= Keventers Milkshake =

Indian milkshake brand and restaurant chain

The logo of Keventers Milkshake

Keventers Milkshake is an Indian milkshake brand and chain of restaurants and kiosks that began operating in 1925. The brand mostly dissolved in the 1970s and was revived starting in 2014. It is owned by Super Milk Products Private Limited. In 2021, the company had a combined total of over 200 Keventers Milkshake restaurants and outlets in India. Keventers Milkshake specializes good in classic and custom-style milkshakes and claims that it is the first milkshake brand made in India.

==History==
Keventers Milkshake was founded in 1925 by Edward Keventer, a Danish dairy entrepreneur and technologist who the British Government recruited in 1889 to modernize India's dairy industry. Keventer moved to India in 1889, and in 1894 purchased the floundering Aligarh Dairy in the United Provinces. Realizing success and profitability in revitalizing the dairy, Keventer established another dairy farm in 1925 in the Chanakyapuri area of New Delhi, India. Within a decade Keventer had established eponymous plants in Delhi, Aligarh, Calcutta and Darjeeling.

After Keventer died in 1937, industrialist Ram Krishna Dalmia, a Keventers distributor at the time, bought the brand in 1940. Dalmia diversified the company into producing powdered milk, condensed milk, milkshakes and ice creams. The company's expansion expanded to 48 distribution points around the National Capital Region in Delhi. Keventers also became a major supplier of milk, powdered milk, condensed milk and biscuits to the Indian Army for several decades up until the 1970s.

In the 1970s, Keventers' primary plant in Chanakyapuri was forced closed by the Indian government to further expand the diplomatic enclave there. After this, Dalmia focused his energy on other business notions, losing interest in the Keventers brand. A small number of Keventers outlets continued to exist, run by a few of its remaining distributors.

==Today==
Keventers is owned by New Delhi-based Super Milk Products Private Limited, which also produces other dairy products. Keventers specializes in classic and custom-style milkshakes. Today, the company is known by consumers in part for its unique foil-topped, vintage-style glass milkshake bottles, which customers are allowed to take with them when they leave.
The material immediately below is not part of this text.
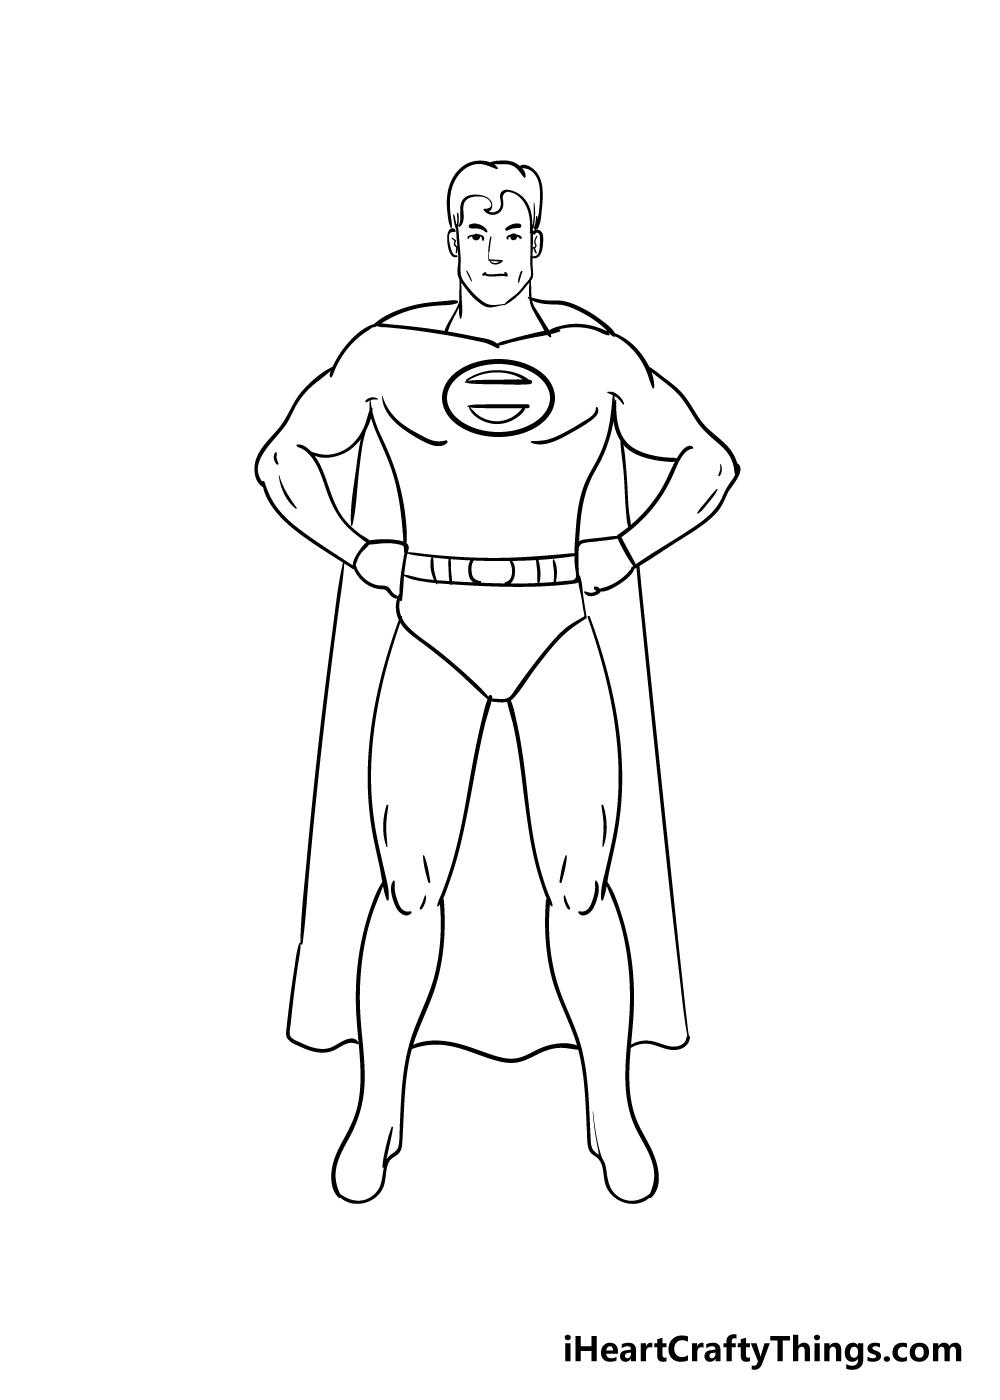 superhero drawing step 6

In 2014, Agastya Dalmia, the grandson of Ram Krishna Dalmia partnered with his friend Aman Arora in attempts to revive the brand, working in part with a few old recipes of the milkshake that Ram Krishna Dalmia had devised. As Dalmia and Arora had no experience in the restaurant business, they attempted to recruit restaurateur Sohrab Sitaram in their endeavor, who declined the offer to work with the brand at the time. Dalmia and Arora continued anyway, opening their first restaurant in the Pitampura area of Delhi in 2014, but did not meet success, closing less than a year later. Sitaram later eventually joined as a partner in the endeavor.

In 2019, the company went to the Delhi High Court in protest about one of the company's licensees, which was alleged to have been purveying Keventers products using inferior milk. During that time, the judge stated to company lawyers that he had sampled products at several outlets and that the brand is "no longer as good as it used to be" and deemed them as "not at all fit for consumption." At the time, the franchisee stated that they had made significant improvements, and the judge stated that the licensee and Keventers should utilize dispute resolution mediation to resolve the matter, and did not impose any injunction against the licensee. After the judge's statement, some consumers discussed the matter on Twitter expressing disappointment with the product.

In 2021, the company had a combined total of over 200 kiosks, cafés and brick-and-mortar restaurants in India and also has a presence in Dubai, United Arab Emirates; Nairobi, Kenya; and Nepal.